A female patient reports her menstrual cycle consistently occurs every 32 days. What day of her cycle can the woman anticipate ovulation? a. 14 b. 16 c. 18 d. 20

c. 18 Ovulation occurs when a mature ovum is released from the follicle about 14 days before the onset of the next menstrual period.

The nurse arrives at the start of a shift on the labor unit to find a census of four patients in active labor. Which laboring patient should the nurse attend to first? a. 18-year-old primigravida with a fetal breech presentation b. 25-year-old multigravida with history of previous cesarean section c. 35-year-old multigravida with history of precipitate birth d. 16-year-old primigravida with a twin pregnancy

c. 35-year-old multigravida with history of precipitate birth A precipitate birth is completed in less than 3 hours. Labor often begins abruptly and intensifies quickly, rather than having a more subtle onset and gradual progression. Contractions may be frequent and intense, often from the onset. If the woman's tissues do not yield easily to the powerful contractions, she may have uterine rupture, cervical lacerations, or hematoma. Fetal breech presentation, history of cesarean section, and multifetal pregnancy have associated risk factors, but not as immediate as precipitate birth.
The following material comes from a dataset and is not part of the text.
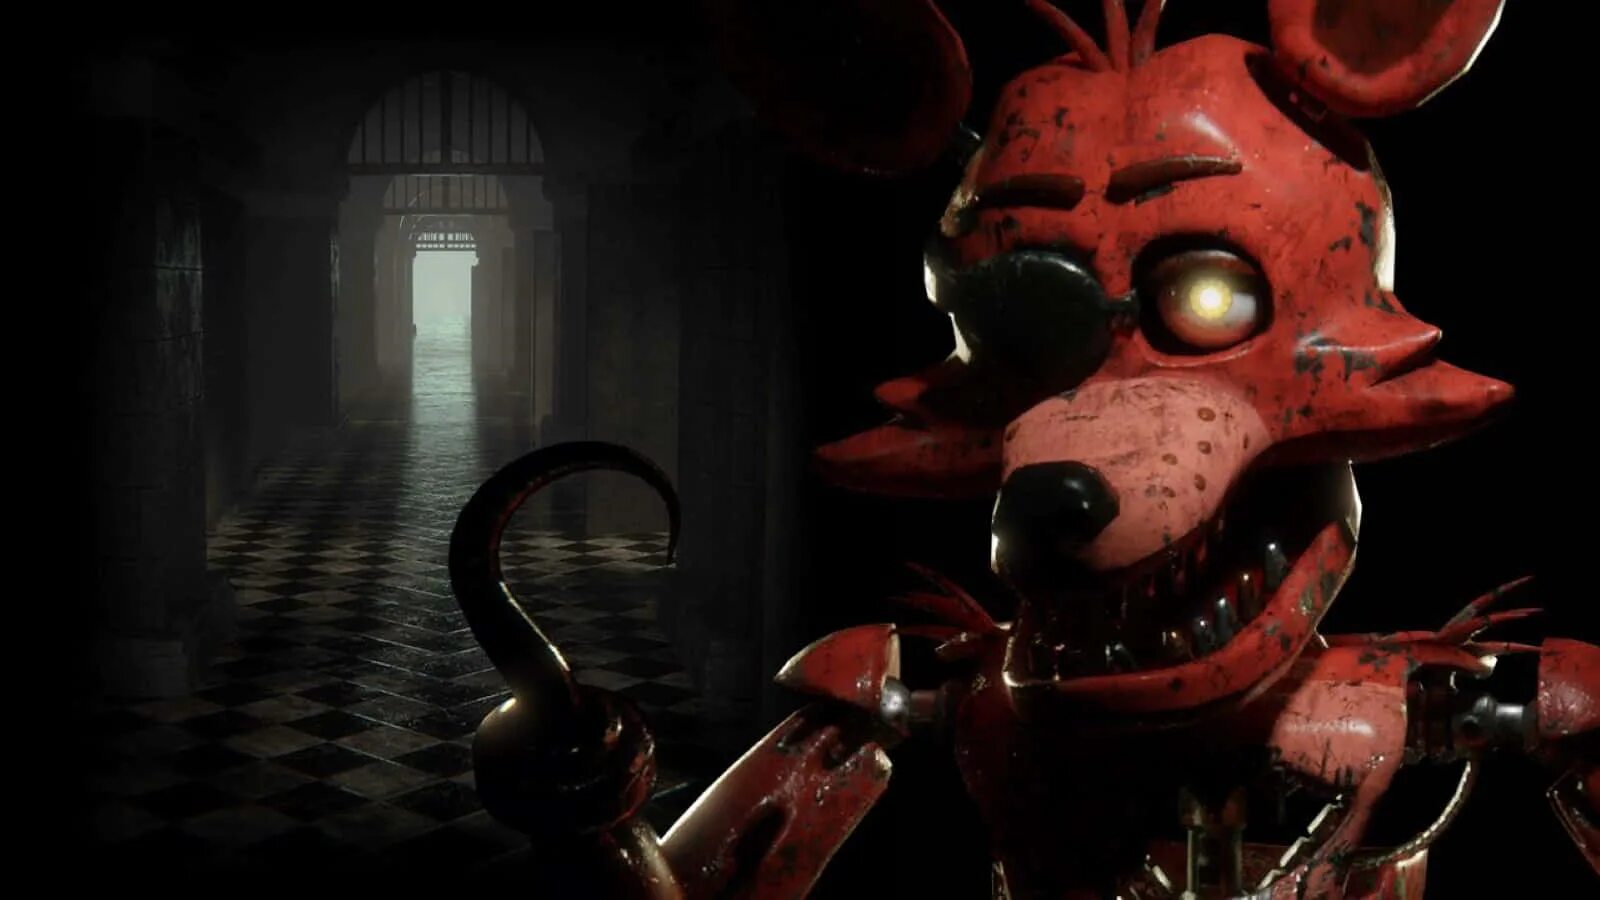 Five Nights at Freddy's Фокси. Five Nights at Freddy's 2 Фокси. АНИМАТРОНИКИ Фокси. Five Nights at Freddy's 1 Фокси.
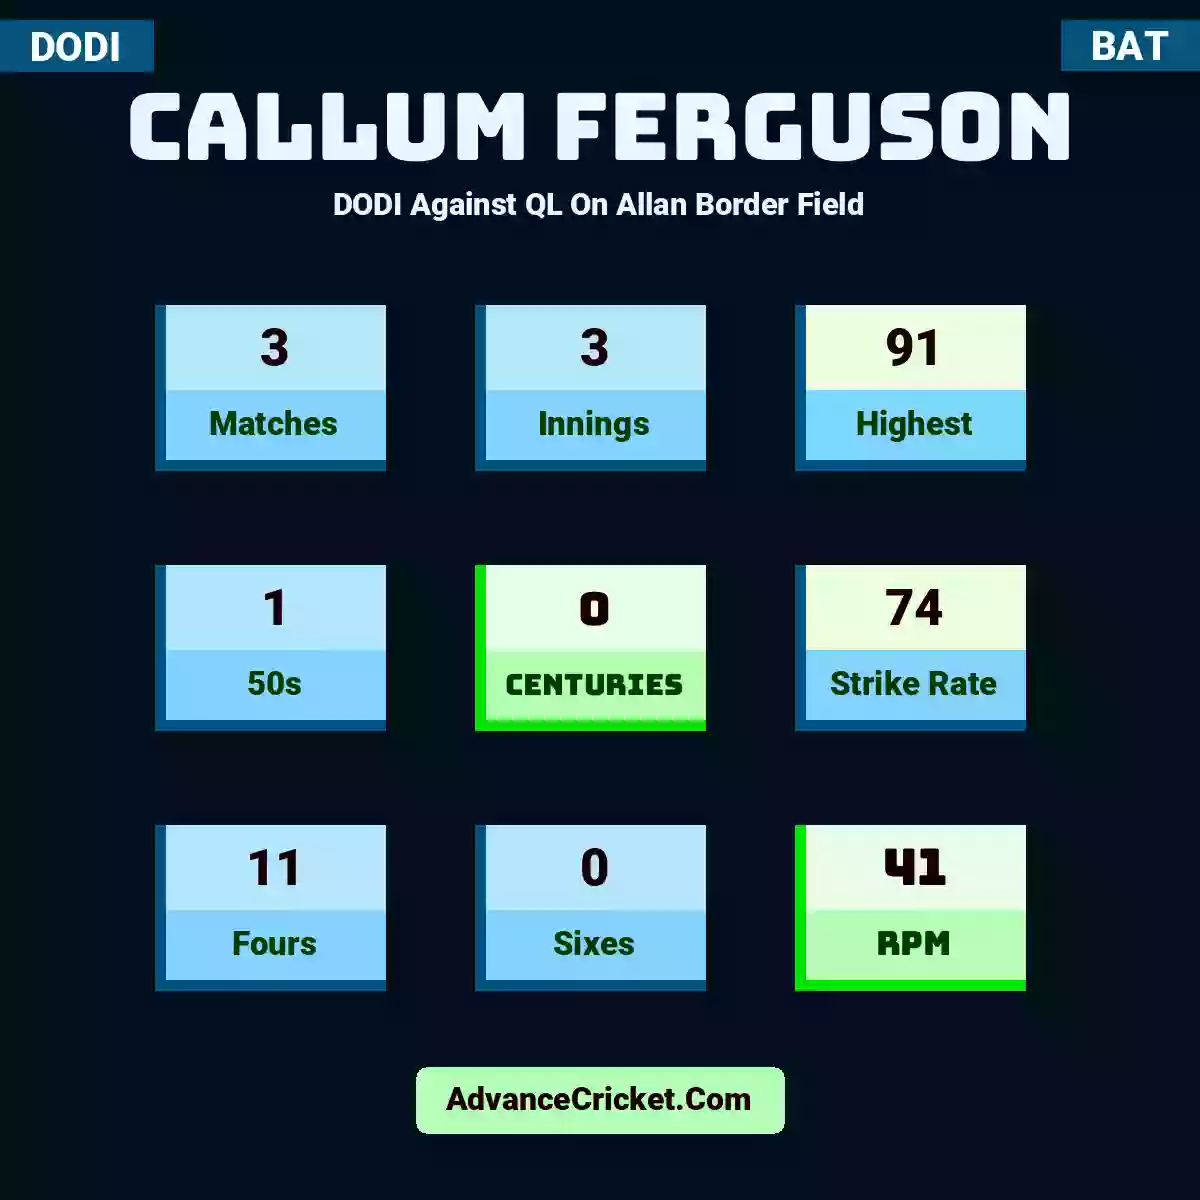 Callum Ferguson DODI  Against QL On Allan Border Field, Callum Ferguson played 3 matches, scored 91 runs as highest, 1 half-centuries, and 0 centuries, with a strike rate of 74. C.Ferguson hit 11 fours and 0 sixes, with an RPM of 41.

What will the nurse explain to a 12-year-old patient when describing what characterizes nocturnal emissions? a. A drop in testosterone level b. Sexual stimulation c. Absence of sperm in ejaculate d. Association with violent dreams

c. Absence of sperm in ejaculate Nocturnal emissions, also known as "wet dreams," occur without sexual stimulation and contain no sperm. Testosterone levels are constant until midlife.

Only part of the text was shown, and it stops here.